The impact of impaired GABA neurotransmission, especially via parvalbumin- and somatostatin-containing GABA neurons, on information processing in the dorsolateral prefrontal cortex may reveal how the conserved regional pattern of GABA-related transcript alteration observed in the present study could contribute to cortical dysfunction more broadly in schizophrenia. The network of parvalbumin-containing neurons, formed via both chemical and electrical synapses, plays a central role in generating oscillatory activities at the gamma band range (30–80 Hz)
(38), whereas the network of somatostatin-containing neurons appears to be important for producing oscillations at the theta range (4–7 Hz)
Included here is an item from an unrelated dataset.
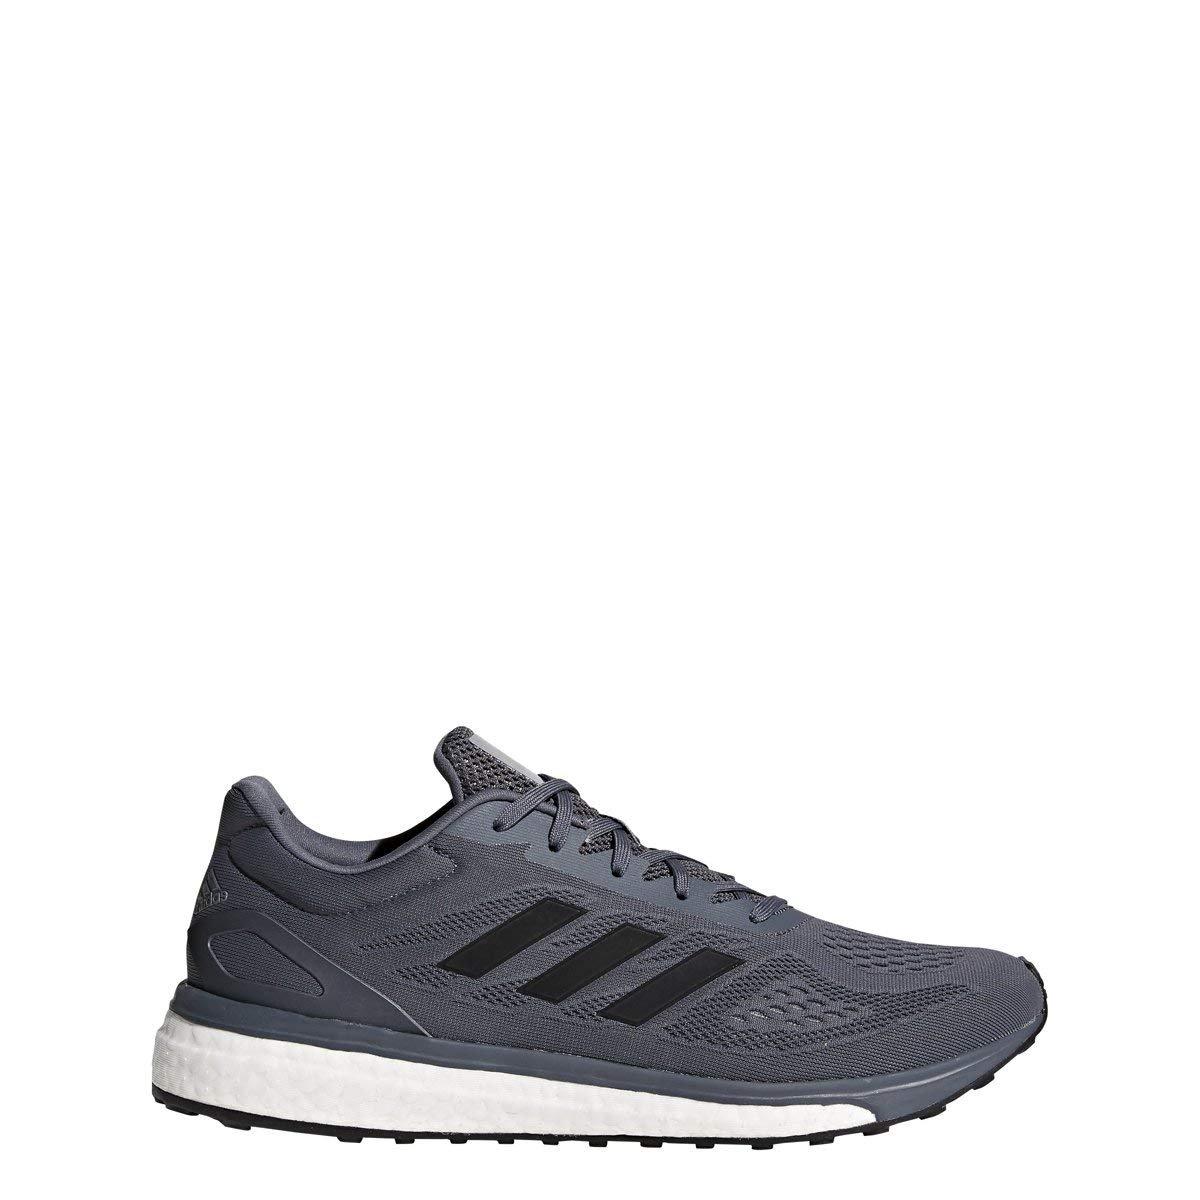 adidas response auftrieb auftrieb response lt mens laufschuh 7e9b10
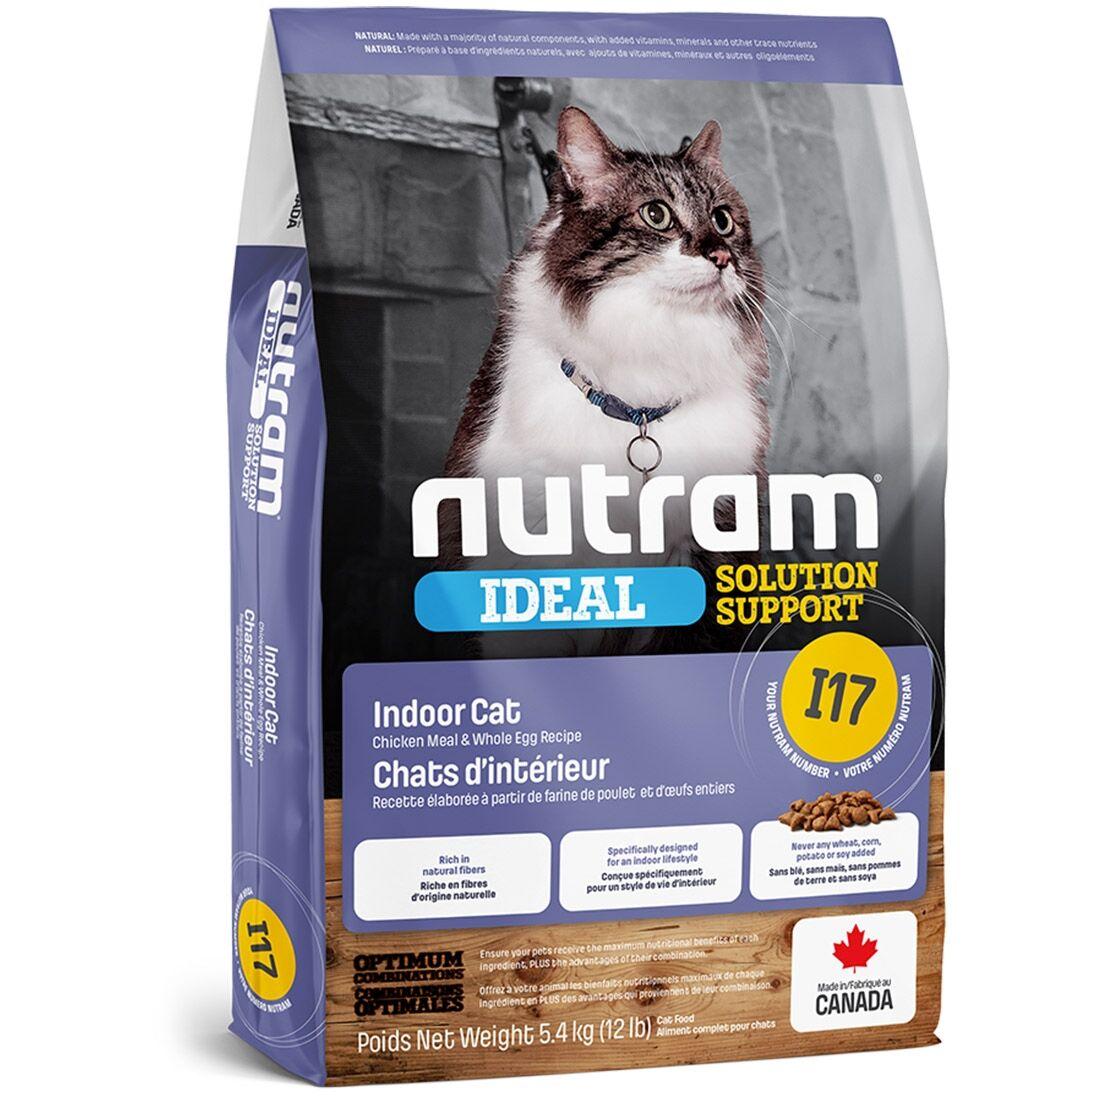 Nutram Croquettes chat Nutram Ideal Solution Support I17 Indoor Shedding Cat Contenance : 5,4 kg

(39) . In the dorsolateral prefrontal cortex, gamma band oscillations are induced and sustained during the delay period in working memory tasks
(40), and their power increases in proportion with memory load
(41), indicating that gamma band oscillations are associated with local neuronal processing critical for the maintenance and manipulation of information. On the other hand, theta band oscillations are recorded across widely distributed areas during working memory tasks
(42), indicating their importance in orchestrating global interactions among distributed neuron networks. Together, these findings suggest that altered GABA neurotransmission by parvalbumin- and somatostatin-containing GABA neurons would have marked effects on the oscillatory activity of cortical neuronal networks required for dorsolateral prefrontal cortex functions. Consistent with this interpretation, recent studies have demonstrated impaired performance and reduced frontal gamma
(43) and theta
(44) activity in subjects with schizophrenia during cognitive tasks. Interestingly, cortical oscillations, especially at the gamma band range, have also been associated with primary motor
(45) and visual
(46) processing, and abnormal visual perception accompanied by reduced gamma band activity has been reported in occipital cortical areas of individuals with schizophrenia
(47) . Furthermore, abnormal gamma and theta oscillations observed in schizophrenia subjects during auditory processing tasks
(48) might reflect altered GABA neurotransmission in auditory cortices
(23,
24) . Therefore, altered GABA neurotransmission mediated by parvalbumin- and somatostatin-containing GABA neurons may contribute to the dysfunction of multiple cortical areas in subjects with schizophrenia by disturbing cortical oscillations.
In addition to altered transcript expression in GABA neurons, this study revealed comparable reductions across cortical areas in mRNA levels for GABA
A receptor α1 and δ subunits, both of which are expressed in cortical pyramidal and GABA neurons
(49) . Because α1 and δ subunits are frequently present in synaptic and extrasynaptic receptors, respectively
(50), these findings suggest that reduced phasic (synaptic) as well as tonic (extrasynaptic) inhibition in both pyramidal and GABA neurons might be a feature shared by multiple cortical areas. Although it remains to be determined if these changes represent a primary pathology affecting postsynaptic GABA signaling or a process secondary to the alteration of presynaptic GABA neurons, reduced phasic and tonic inhibition appear to influence the selection and integration of excitatory inputs to cortical neurons
(50) and could contribute to impaired information processing in each cortical area.
In summary, the findings of this study suggest that disturbances in the expression of a set of GABA-related mRNA commonly found in the dorsolateral prefrontal cortex in subjects with schizophrenia are conserved across at least three other regions of the neocortical mantle. Thus, disturbances in GABA neurotransmission by specific cell types through certain types of GABA A receptors could represent a common pathophysiology for different domains of cortical dysfunction in schizophrenia, raising the possibility that pharmacological agents with the appropriate specificity for certain GABA-related targets might be effective for a range of clinical features of the illness.